My nursery is painted, furnished, and filled with boxes of unopened baby items. Nothing like the blank space I left just days ago.
“You’re not supposed to be home,” he says, voice rough and tired, like he’s been at it for hours.
“Right back atcha.” The words fly out sharp and breathless, but his mouth curves, just slightly. A sparkle flickers in his soft eyes.

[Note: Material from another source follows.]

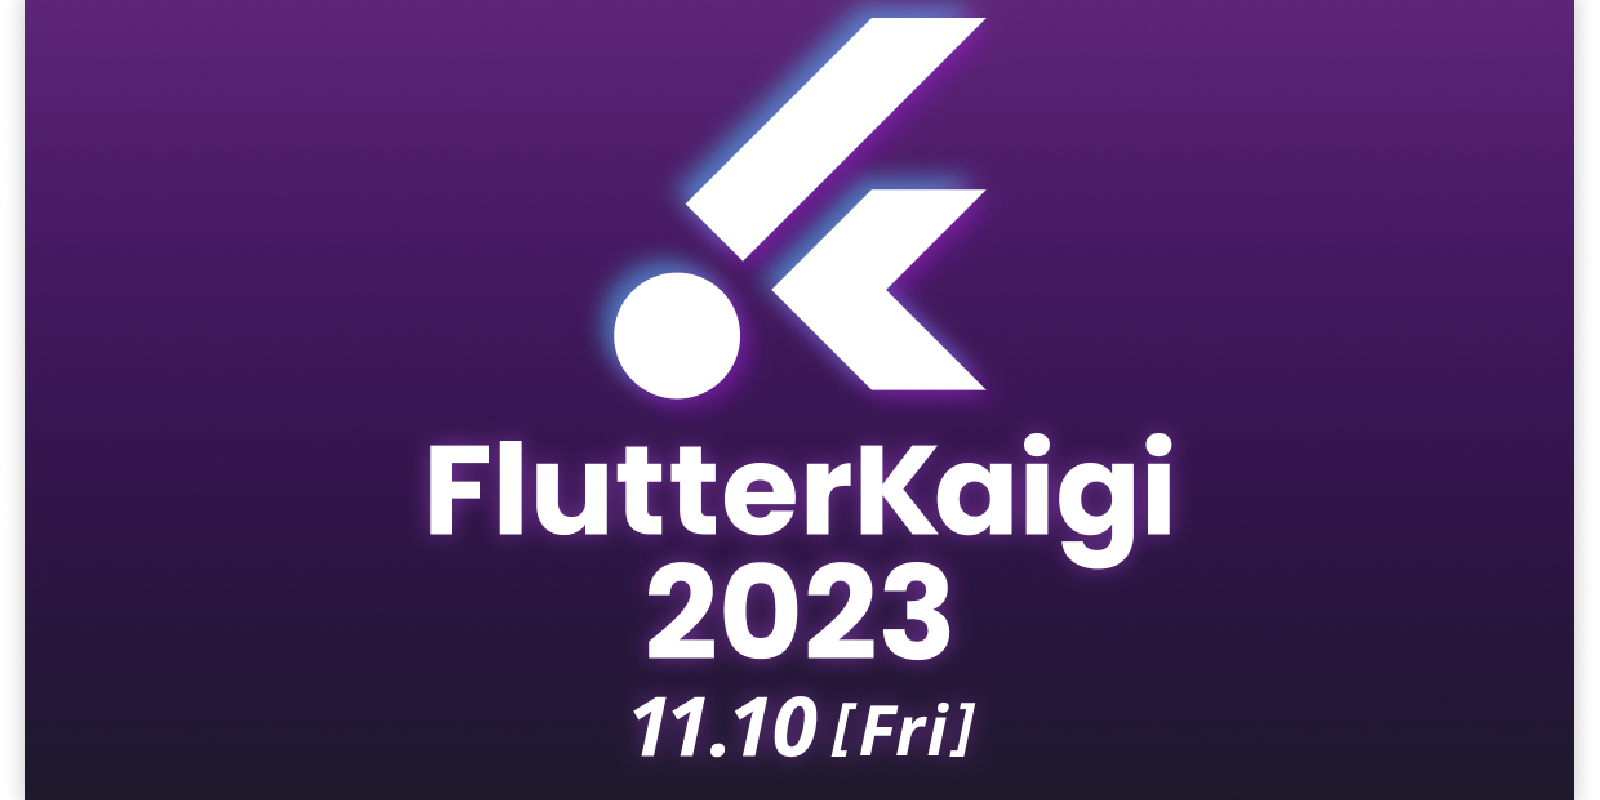 FlutterKaigi 2023

“So this is still my home, Princess?”
Heat rises up my neck at the nickname, at the hope braided through the question, but I ignore it with all the grace of an elephant in stilettos. My words tumble out in a rush. “When did you do all this? How? Why?”
“You wouldn’t talk to me.”
“So you broke in to paint and decorate?”
It should infuriate me. Should send me into a storm of anger, with a lecture on boundaries, trespassing, and trust. But instead, I just stand there, my throat tight, because the longer I look around, the more my anger frays into something a lot like forgiveness.
Because he did it right. The board I kept tucked away on my laptop—he brought it to life. Every detail. The furniture I saved in a cart but never bought. The paint I’d spent an hour at the hardware store picking out—all of it.
It’s beautiful and just as I imagined.